None of the pictures should be copied, though every line of the listing must be printed exactly.

━━━ RECORDED DATA ━━━

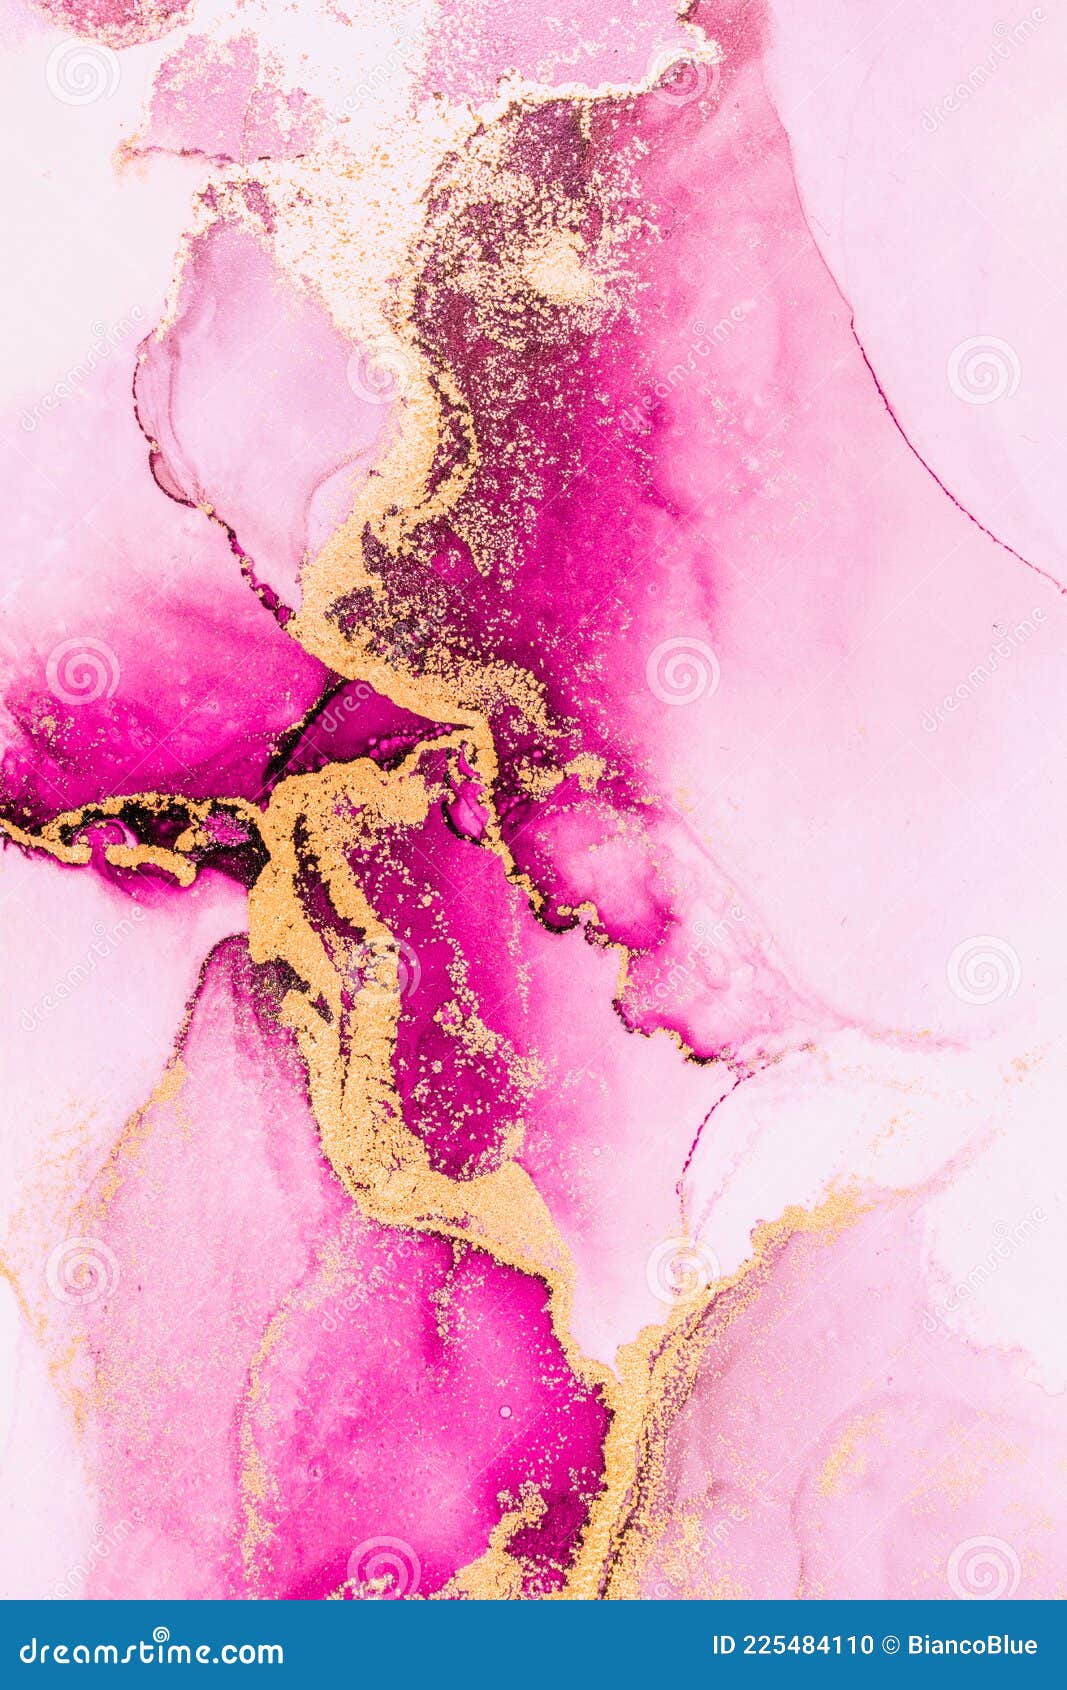 Màu hồng đem lại cảm giác ngọt ngào và nữ tính, chính vì điều đó mà màu hồng thường được sử dụng trong tranh vẽ. Nếu bạn muốn tìm hiểu thêm về cách sử dụng màu hồng trong tranh vẽ, hãy xem thêm hình ảnh liên quan đến đề tài này.
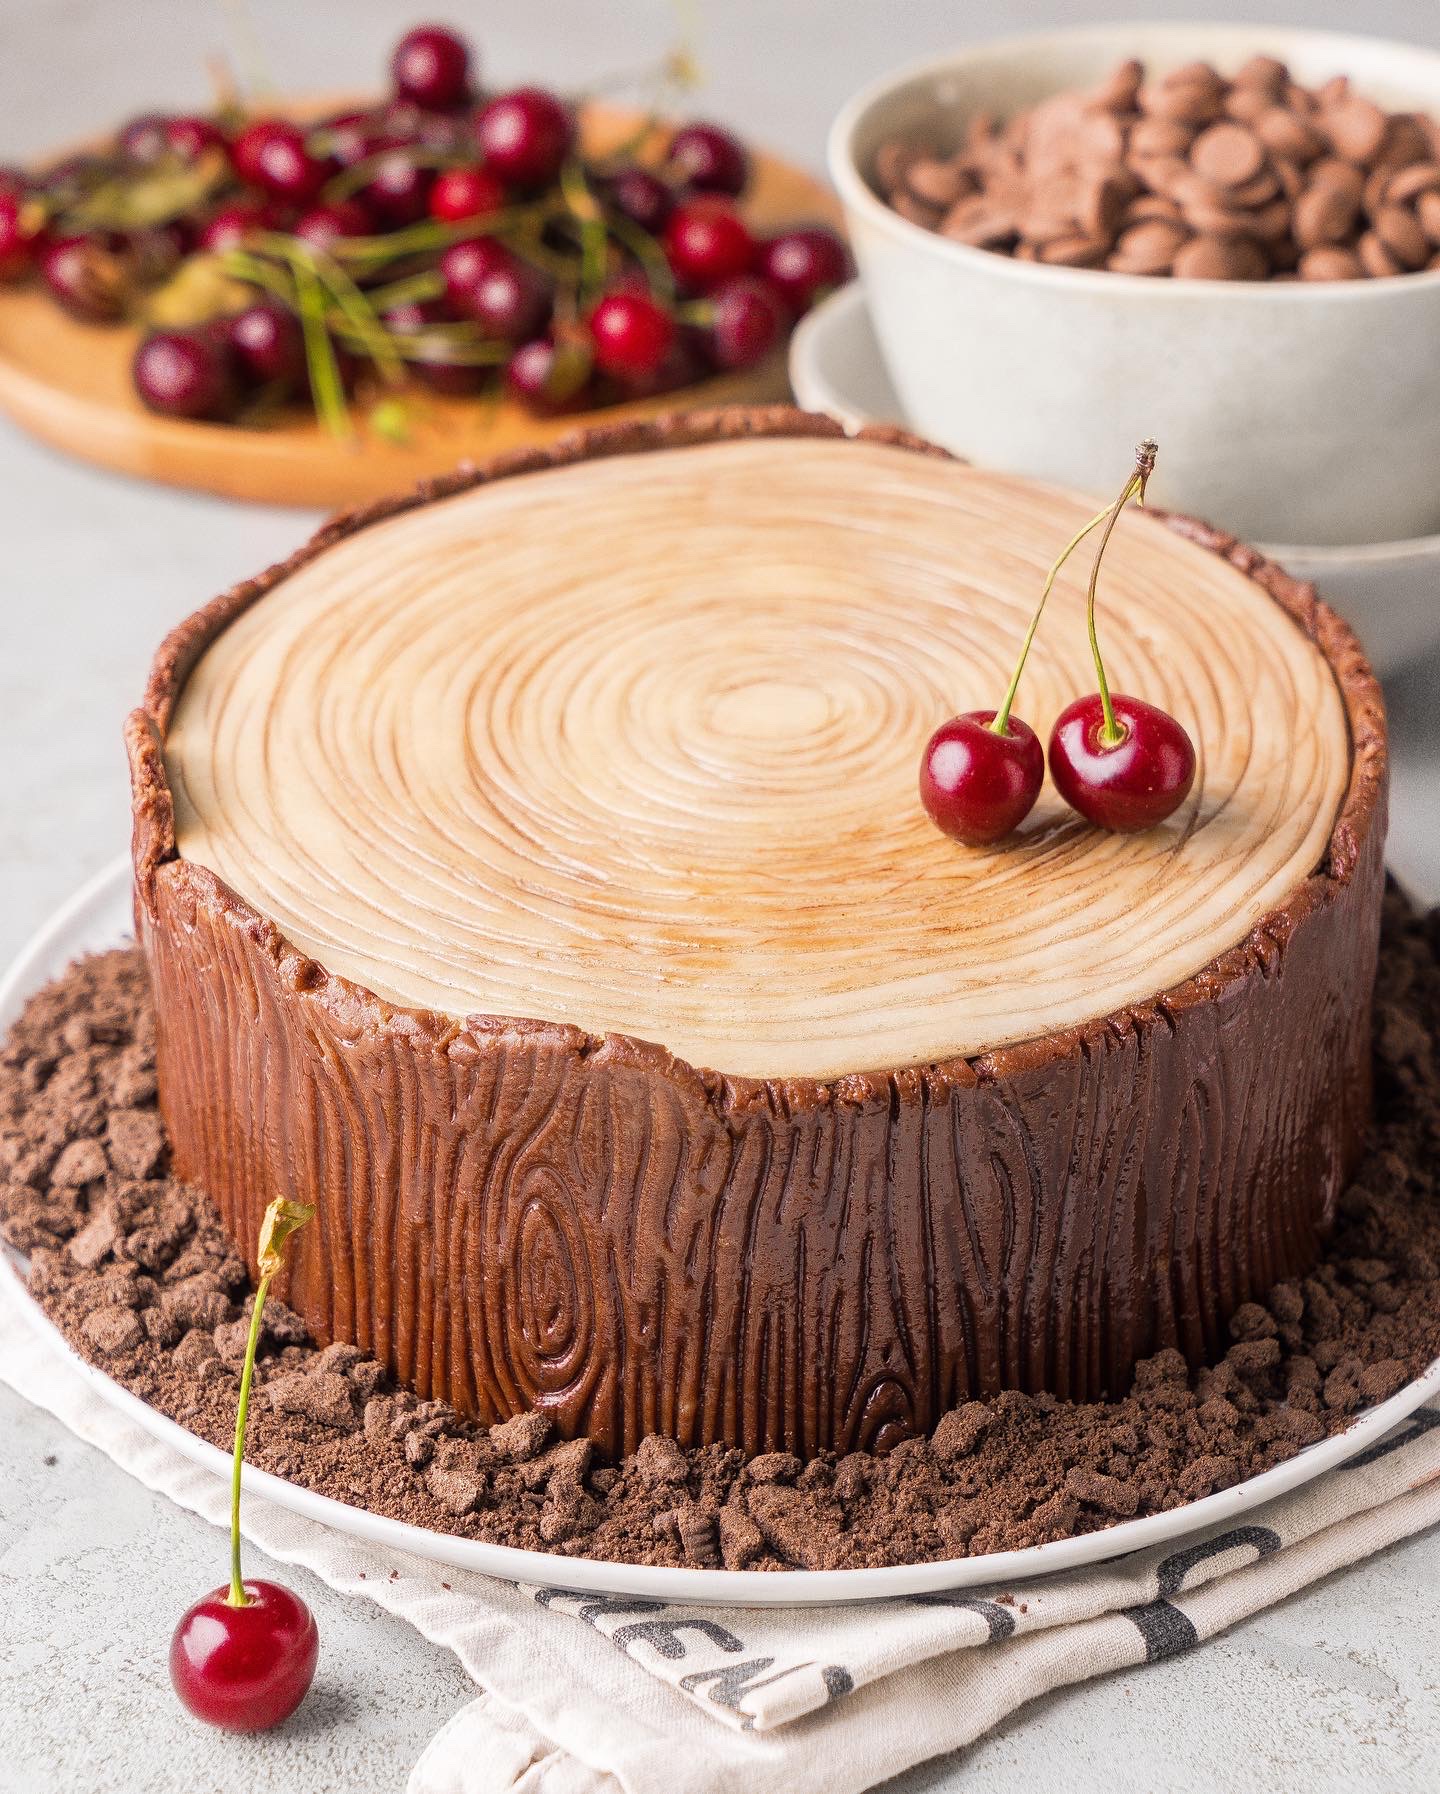 Бисквитный торт “Вишня в шоколаде”
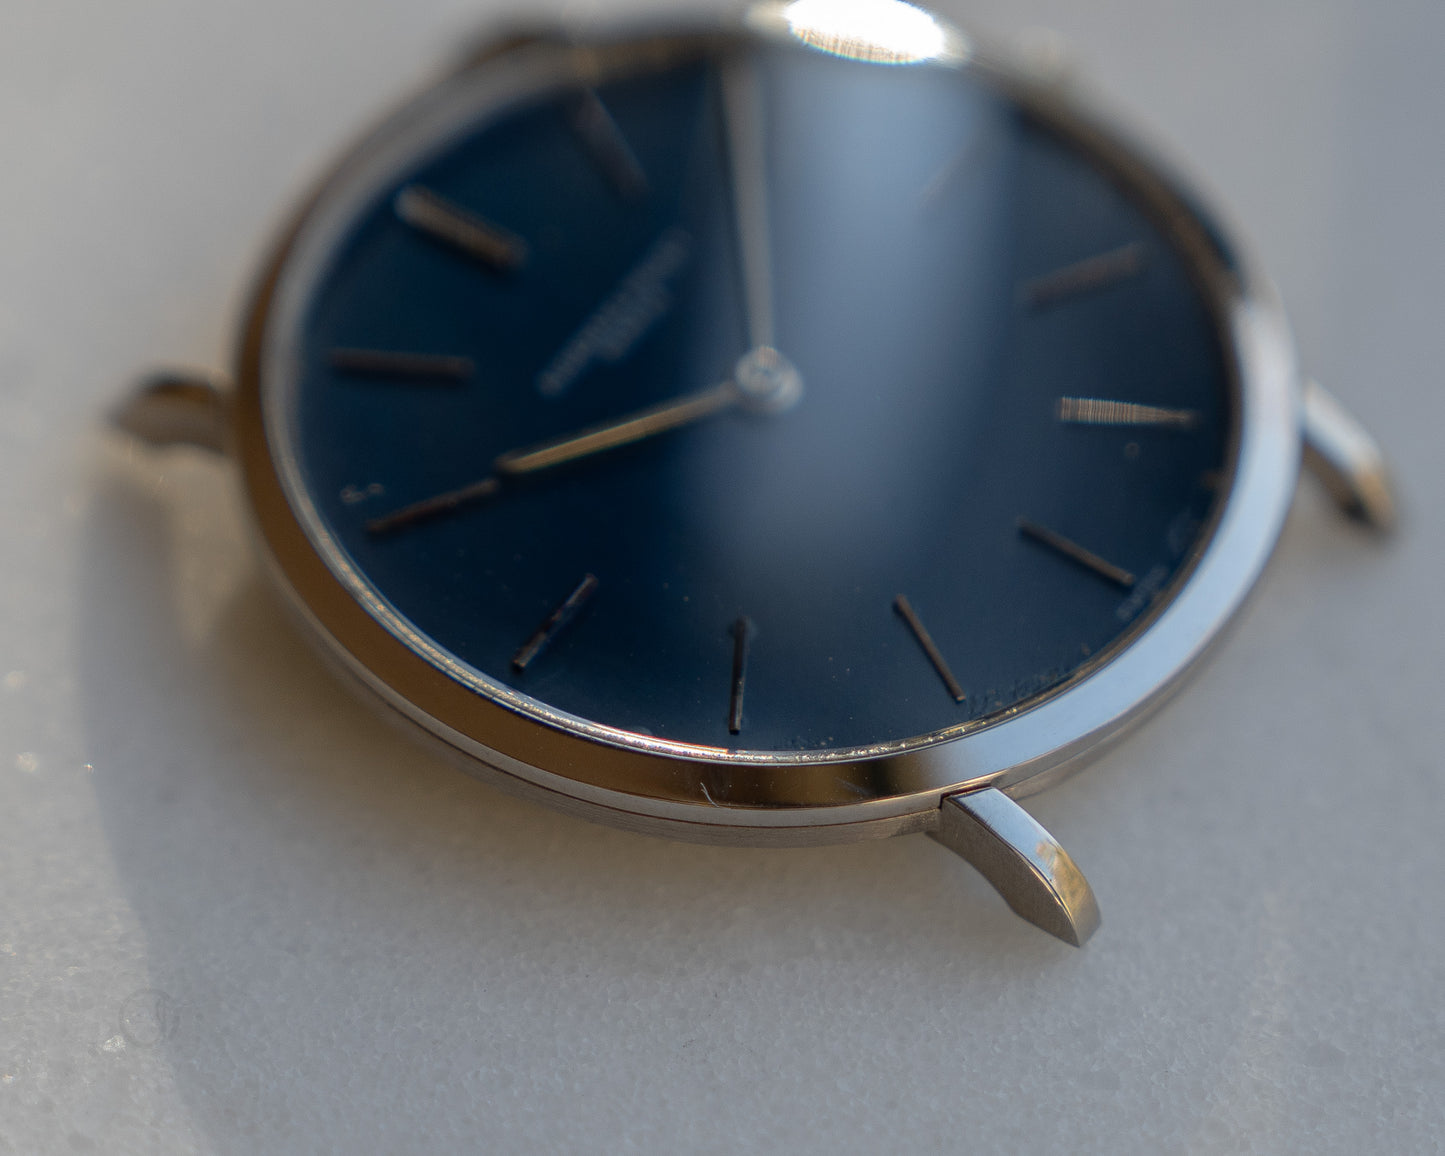 Audemars Piguet White Gold Ultra thin dress watch, Blue dial, Caliber 2001

━━━

== RESULT OF THIS TASK ==
 Màu hồng đem lại cảm giác ngọt ngào và nữ tính, chính vì điều đó mà màu hồng thường được sử dụng trong tranh vẽ. Nếu bạn muốn tìm hiểu thêm về cách sử dụng màu hồng trong tranh vẽ, hãy xem thêm hình ảnh liên quan đến đề tài này.
 Бисквитный торт “Вишня в шоколаде”
 Audemars Piguet White Gold Ultra thin dress watch, Blue dial, Caliber 2001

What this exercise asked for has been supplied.